Six was good friends with the poet Joost van den Vondel and the painter Rembrandt van Rijn, during the forties. Six remained a devotee of the arts all his life and wrote plays himself, the most famous being Medea, published in 1648 (with an etching by Rembrandt), and Onschult (Innocence) in 1662. In the same year the Dutch translation of Baldassarre Castiglione's Il libro del Cortegiano was dedicated to Six.
His collection of paintings, drawings, etchings, and other artifacts (including many from his wife's family) were popular in his lifetime. This collection was eventually handed down generations later to the couple Lucretia Johanna van Winter (1785–1845) and Hendrik Six (1790–1847) whose extensive art collections were combined when they married in 1822 and are known collectively as the Six Collection, though 171 paintings were from the Van Winter family. Among the 76 Van Winter paintings collected by Lucretia Jans herself included a flower painting by Rachel Ruysch that she bought in 1820, the The Milkmaid by Vermeer and the Serenade by Judith Leyster. The 171 paintings that Lucretia Jans took with her on her marriage, were only half of her father's extensive collection that itself had been known and put on display for a half century. The other half went to her sister Anna Louisa, who married Willem van Loon. A few of those paintings can still be seen in Museum Van Loon, but the rest of the other half of the Van Winter collection was sold by Van Loon heirs in 1877 to Gustave baron de Rothschild (son of James Mayer de Rothschild) in Paris.

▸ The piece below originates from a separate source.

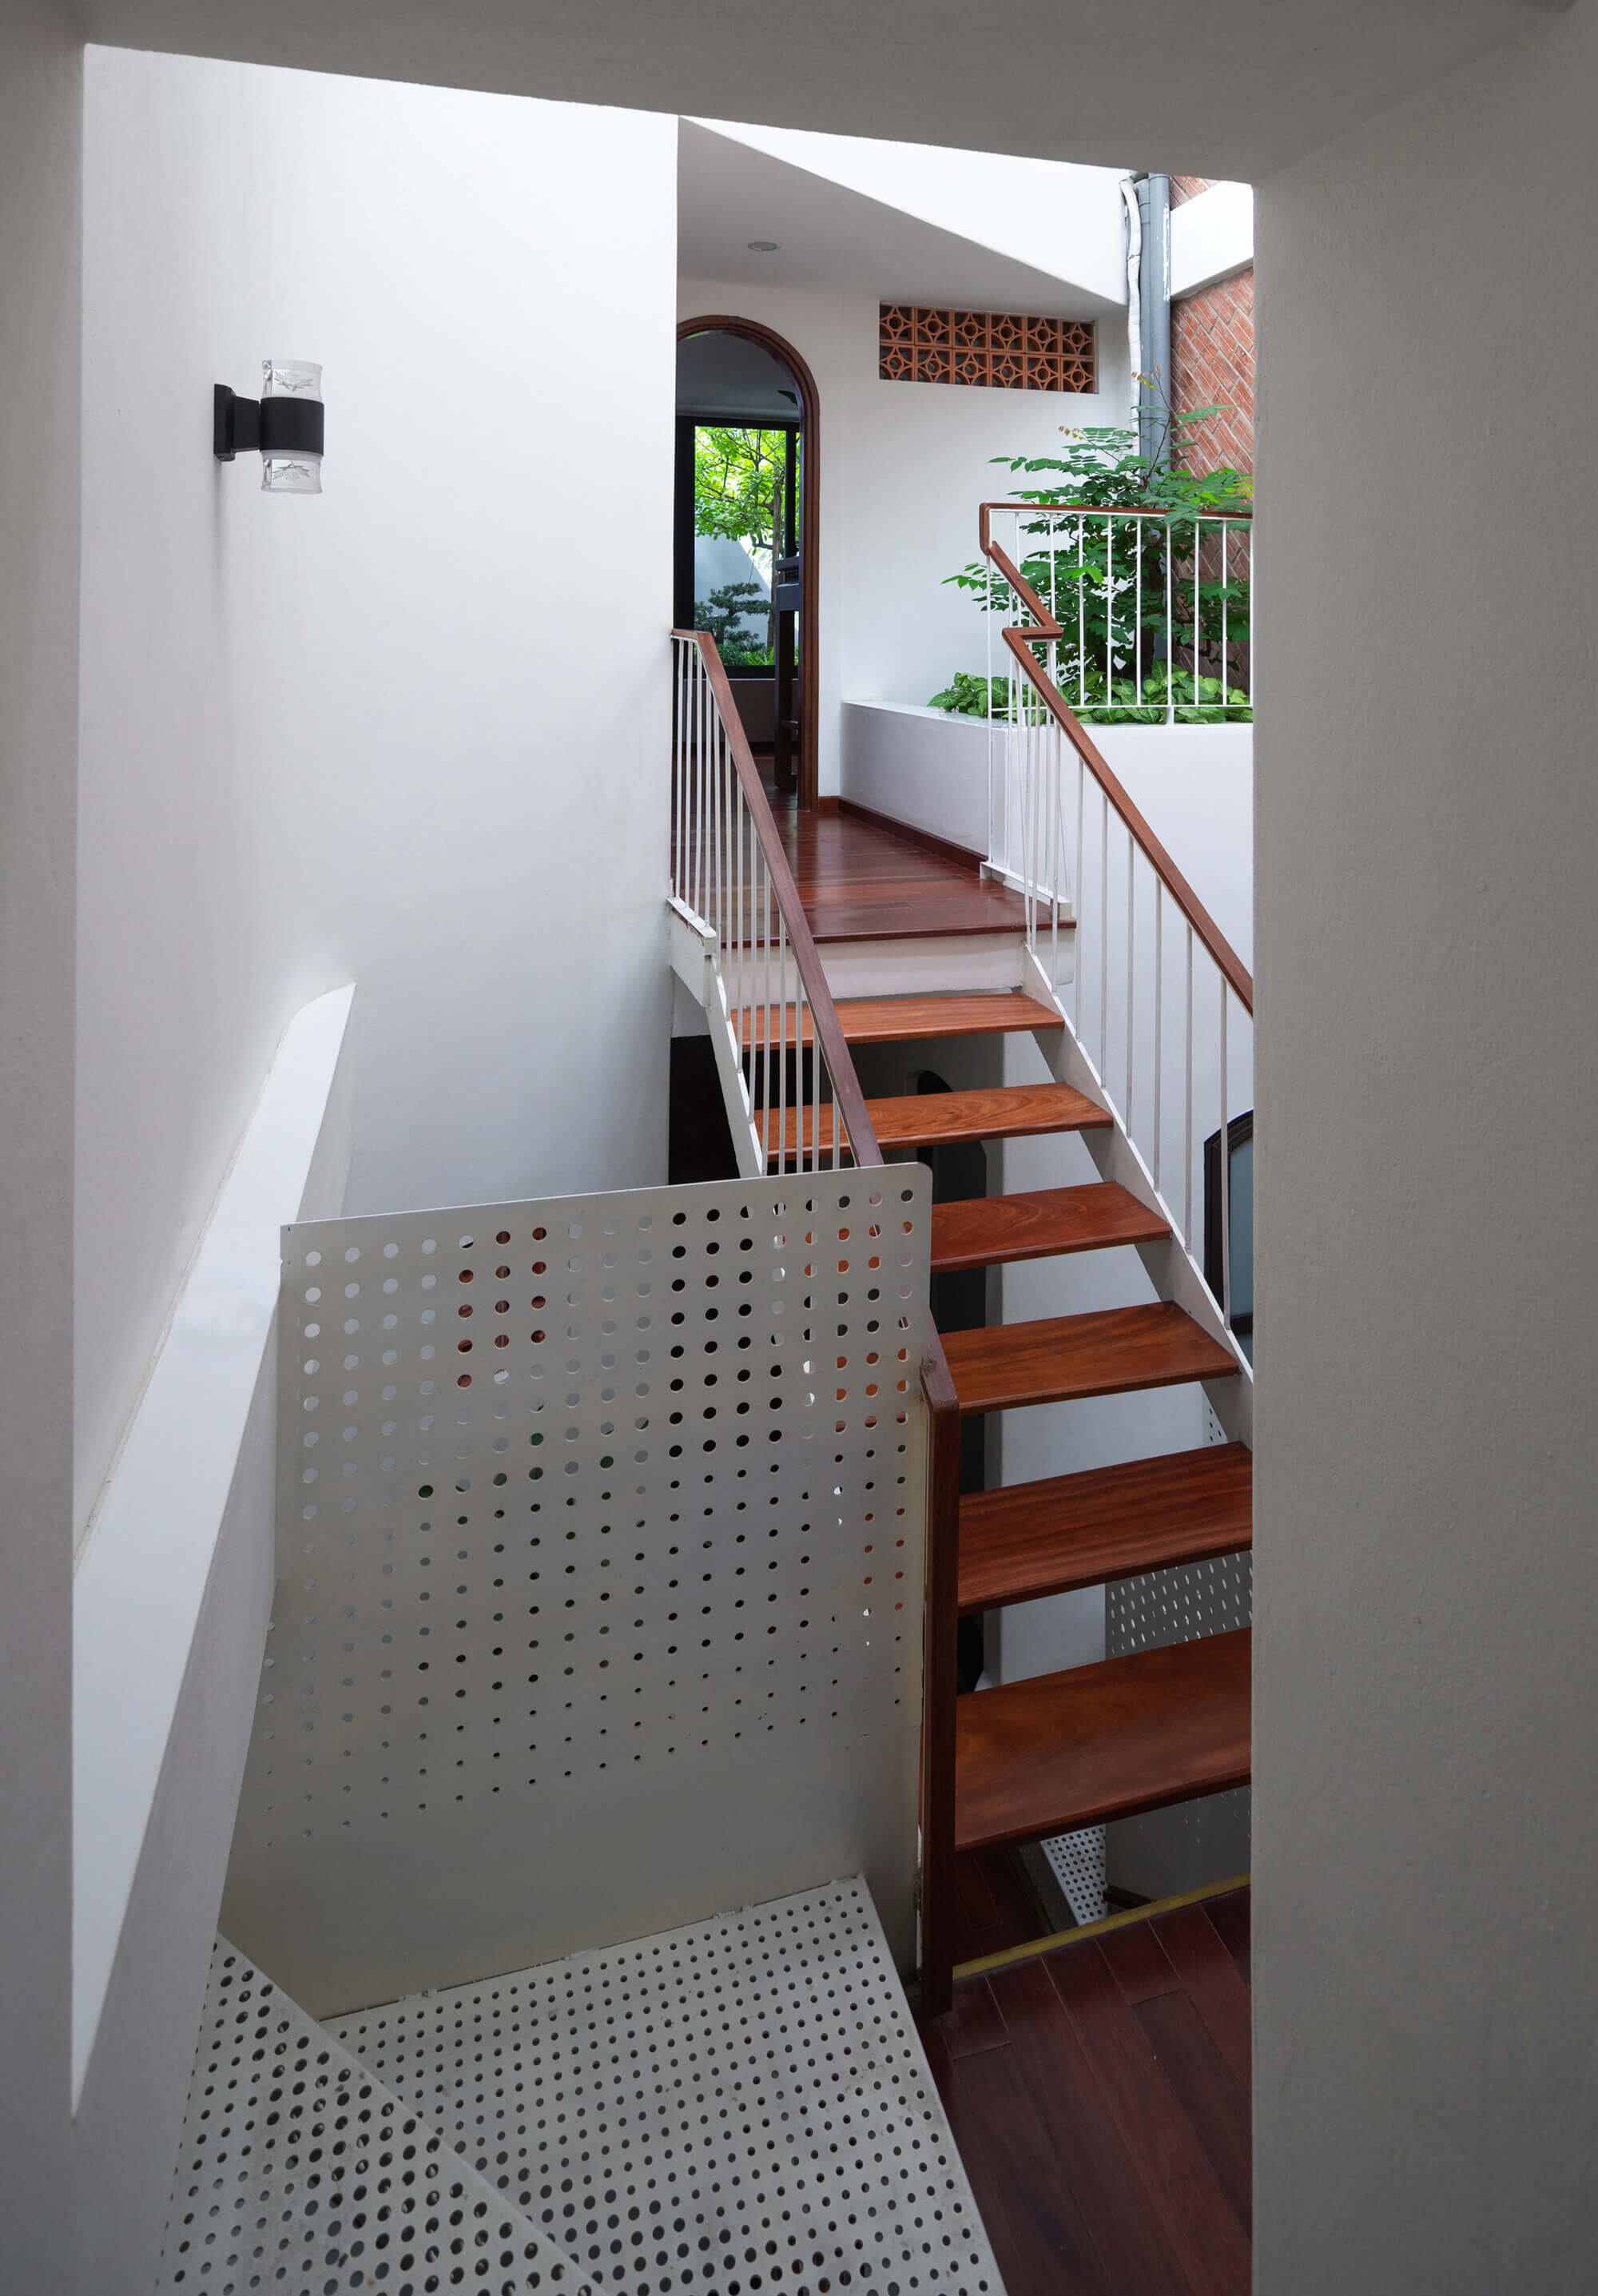 Đại-Kim-house-Aline-Architect-Vietnam-15

The Six collection has been the subject of controversy in the Netherlands for decades, because though the house on the Amstel received subsidy from the Dutch government and was open to the public for visiting hours, the house was always also used as a home, and the number of visitors was limited. The dispute has been resolved and the top pieces are lent to the Rijksmuseum several months every other year.